Matthias Roeing es un tipo de aspecto insignificante, cejas espesas y expresión de pánfilo. Cantó en un grupo punk rock - Die Toten Piloten - ,en 1988 organizó la primera acid house party en Berlín y un año después congregó bajo la lluvia a no más de 150 ravers alrededor de una camioneta Volkswagen por Kurfurstendamm - la Gran Vía de Berlín - al reclamo de "Amistad y amor".

9 años más tarde Matt es Motte, se ha ganado el doctorado, su camioneta son 47 trailers y los reclamos hippies de fraternidad arremolinan a cientos de miles de personas en el corazón de Berlín. Es el Love Parade, la cita del primer fin de semana de julio.

Este año fue el día 11 el escogido, si bien el ambiente del Parade ya se había dejado sentir a lo largo de toda la semana precedente y muy especialmente de víspera, cuando los trenes de cercanías - la inmensa mayoría de los asistentes a este evento "internacional" son ALEMANES, y más que excepcional resulta oír hablar otro idioma en el centro de la fiesta - van trayendo carne fresca a Berlín. Los alrededores de la estación de Zoologischer Garten, la más céntrica, van acogiendo montones desordenados de adolescentes con pelo multicolor, de la misma forma que se comienzan a presentar las primeras fiestas casi espontáneas en las aceras, en los centros comerciales que colocan Dj´s en el escaparate, en la gran Plaza de Kurfurstendamm bajo la sombra áspera de la iglesia del Kaiser Guillermo. El centro de Berlín se va llenando de gente que acampa en las aceras de Kantstrasse, en los aparcamientos, en las plazas, que recorre las aceras en busca de una pensión o negocia con pastillas al aire libre. No hay una sola tienda que no haya colocado un cartel del Parade en el escaparate, todas venden las camisetas -cuatro modelos distintos por 30 DM cada una- y el merchandising imaginable. Las oficinas de "Last Minute" agotan entradas para alguna de las fiestas post - Parade mientras los empleados de la BVG - empresa que gestiona el Metro Berlinés - hacen campaña en las aceras vendiendo la pulsera amarilla que da derecho a viajar por menos dinero, el auténtico distintivo del turista. Hay un par de germanas potentes vestidas con velos y flores artificiales que han plantado el estéreo en el suelo y bailan con verdadero peligro entre la gente, una camioneta de daneses con las puertas abiertas convertida en discoteca (tienes farla en el maletero), un sueco escupe surtidores de fuego por la boca a ritmo de Goa.
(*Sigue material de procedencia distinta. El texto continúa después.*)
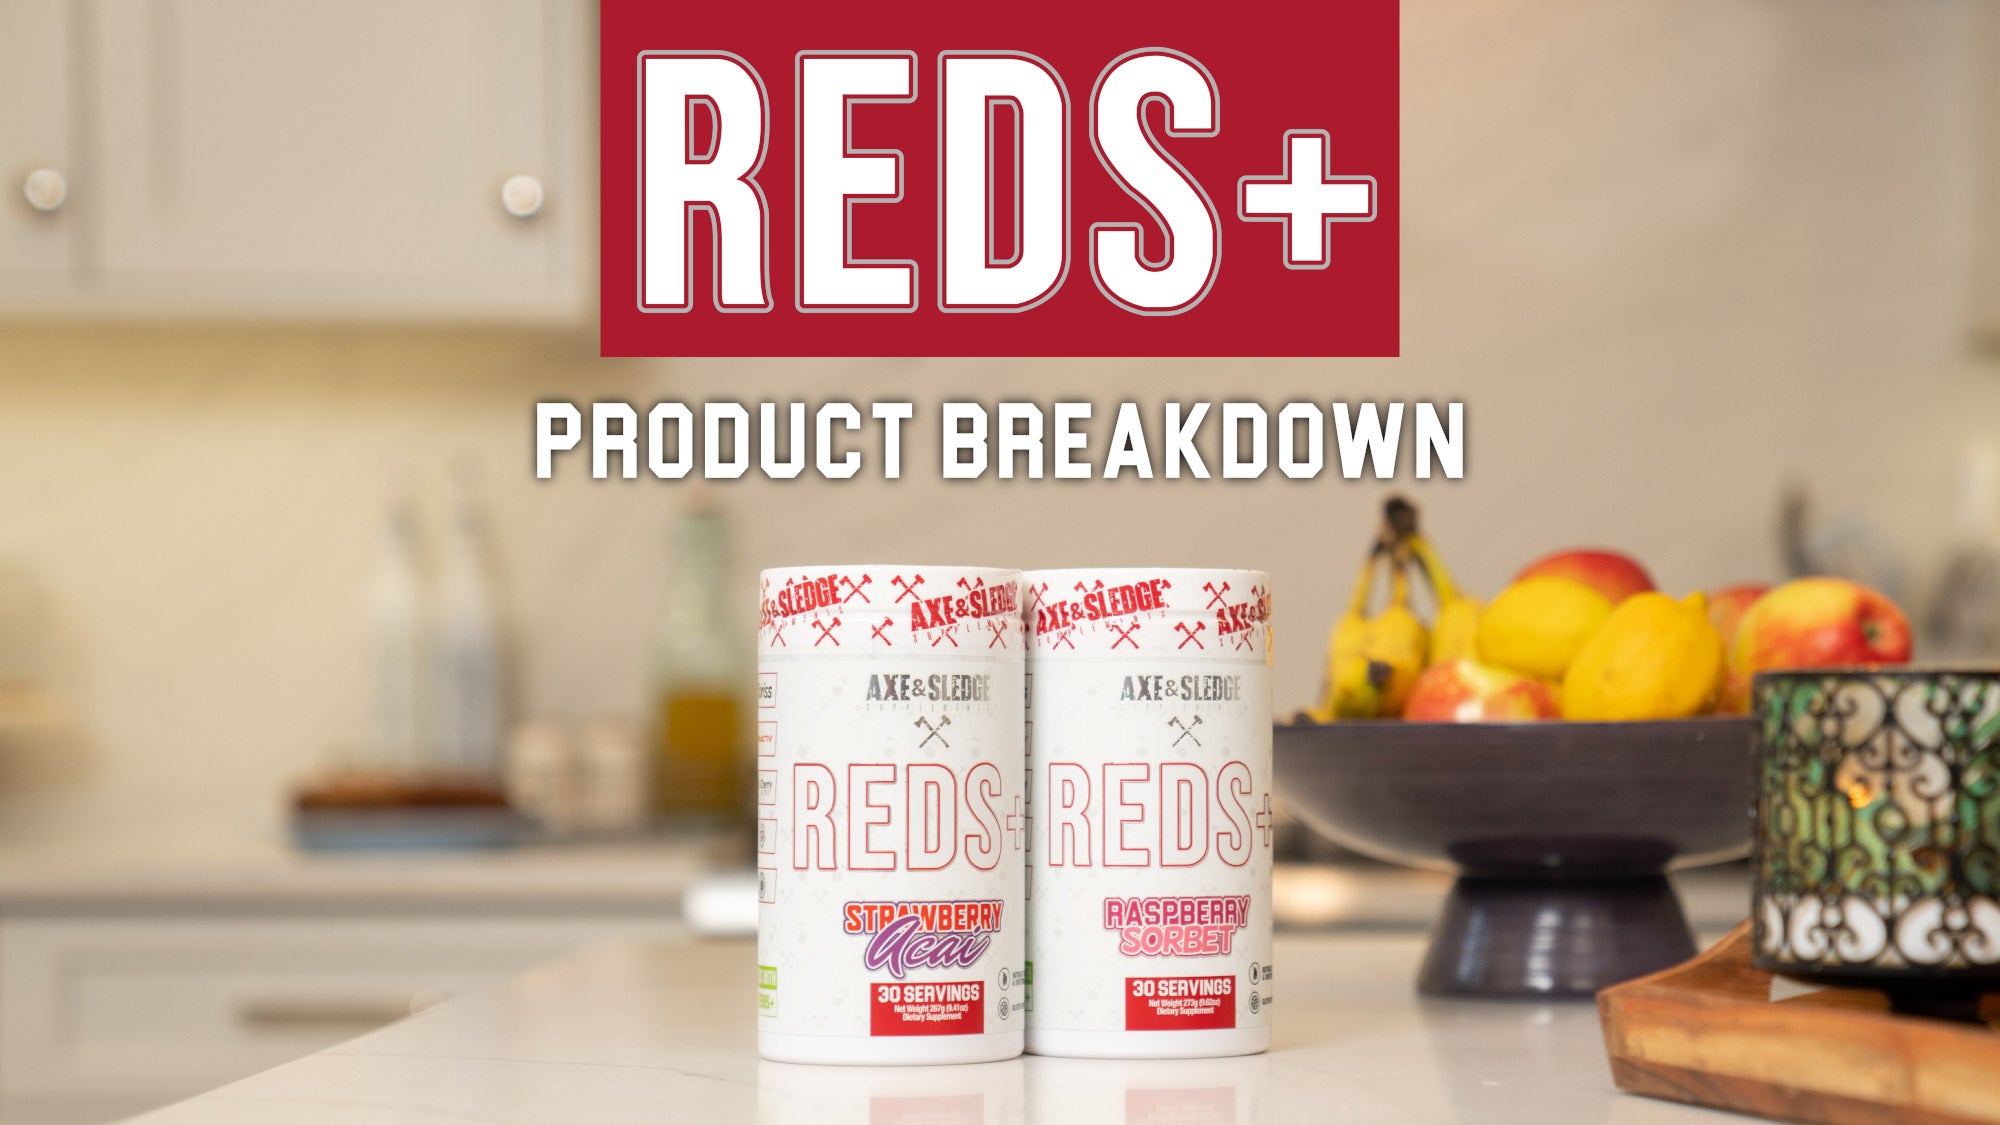 Reds+ Product Breakdown
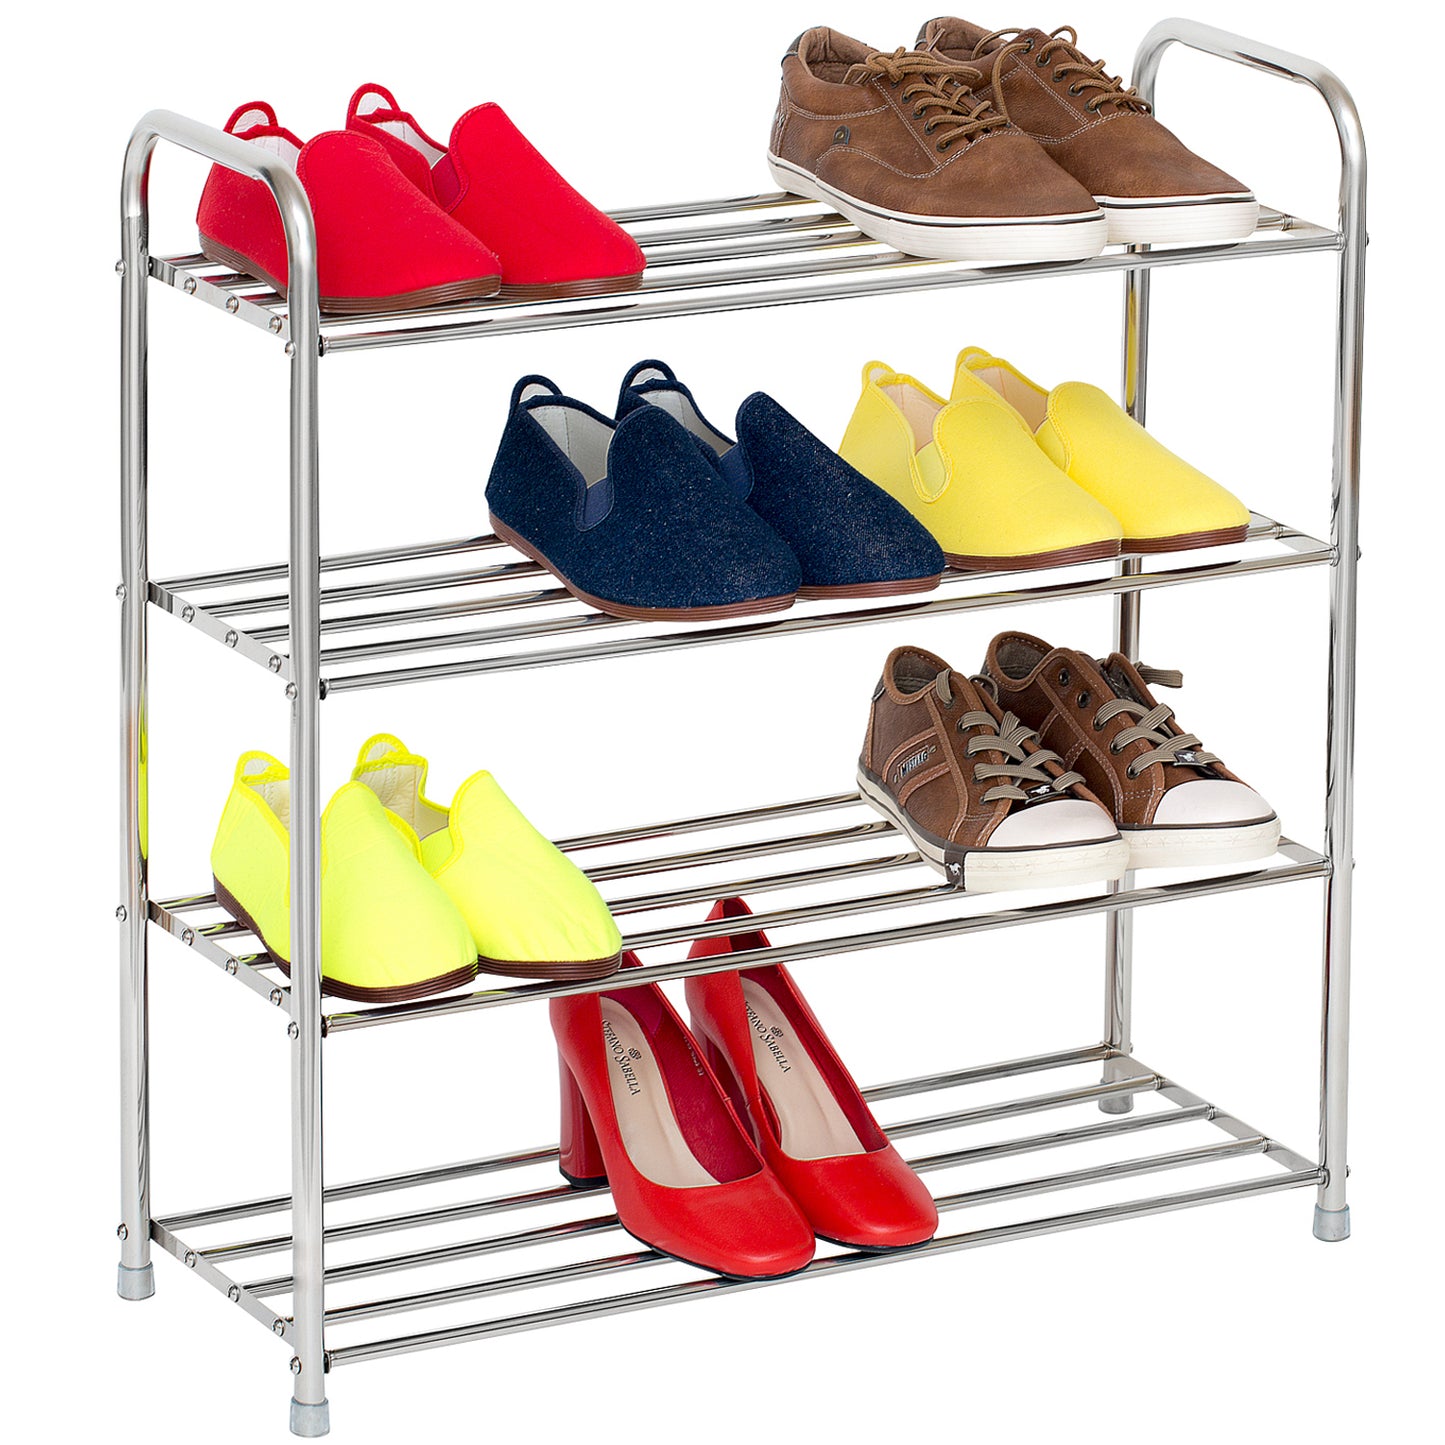 Tatkraft Good - Stainless Steel 4 Tier Shoe Rack, Stable, Durable and Sturdy, Holds up to 12 Pairs of Shoes

La organización del Parade - un entramado de patrocinadores y multinacionales con el negocio bien atado - había decidido este año partir el recorrido tradicional que sube desde Ernst Reuter Platz hasta el Siegessaüle y añadir otro tramo simétrico, desde la Puerta de Brandenburgo hasta el mismo destino. La finalidad era descongestionar en lo posible el trayecto y dar lugar a la entrada de más camiones - carrozas en el evento (buena idea, cada uno paga 4000 DM por participar). 50 eran los matriculados para esta edición , de los que tan sólo 3 quedaron fuera. Todos los clubes de Berlín montaron el suyo y subieron a las go - go´s mejor maqueadas, cada carroza llevaba su equipo de sonido y la orden terminante de no abrir fuego hasta las 14:00. Desde 2 horas antes la gente iba llegando en riadas a la inmensa avenida cerrada al tráfico, excepto para las decenas de furgonetas de POLIZEI cuidando los accesos y sellando el paso a los monumentos - el mausoleo a los caídos del Ejército Rojo quedaba en el ojo del huracán- , vigilando los posibles desmanes de una armada de ravers con el pelo teñido y traje de gala, armados hasta los dientes con silbatos (1 DM, y os aseguro que no hubo nadie que no se hiciera con uno) y pistolas de agua. La policía alemana dispersó por fin sus carros tras una hilera larga de puestos "oficiales" que se extendía por los flancos; bebidas energéticas, cerveza, película para las cámaras, camisetas, girasoles de plástico y pintura corporal, piercing y globos…La tropa fue entonces tomando posiciones en torno a los camiones estacionados mientras las go - go´s se empolvaban la nariz y el tiempo corría. No hubo retrasos. Todos se habían presentado puntuales y la organización lo había dispuesto al minuto. Era el momento señalado.

Quien no haya estado nunca en el Parade no puede ni mucho menos imaginar qué es exactamente lo que ocurre cuando llega la hora y el primer camión conecta su equipo. Es un petardo, tan sólo el ruido sordo de la conexión, y antes incluso de que la música empiece a sonar todo el mundo está gritando. El estruendo se mezcla de pronto con los bpms lanzados a quemarropa y uno por uno, todos los camiones se ponen en marcha subiendo el volumen. Los había , por supuesto , de Berlín, pero también arrancaron desde discotecas de Hamburgo , Postdam, Frankfurt, Holanda - consejo a principiantes, no acercarse NUNCA a ellos, Gabber demasiado alto - e incluso Francia, que envió a su ex-ministro de cultura, Jack Lang para tomar nota (los franceses quieren reproducir el Parade el 19 de septiembre en la plaza de la République de Paris, que Dios les ampare.).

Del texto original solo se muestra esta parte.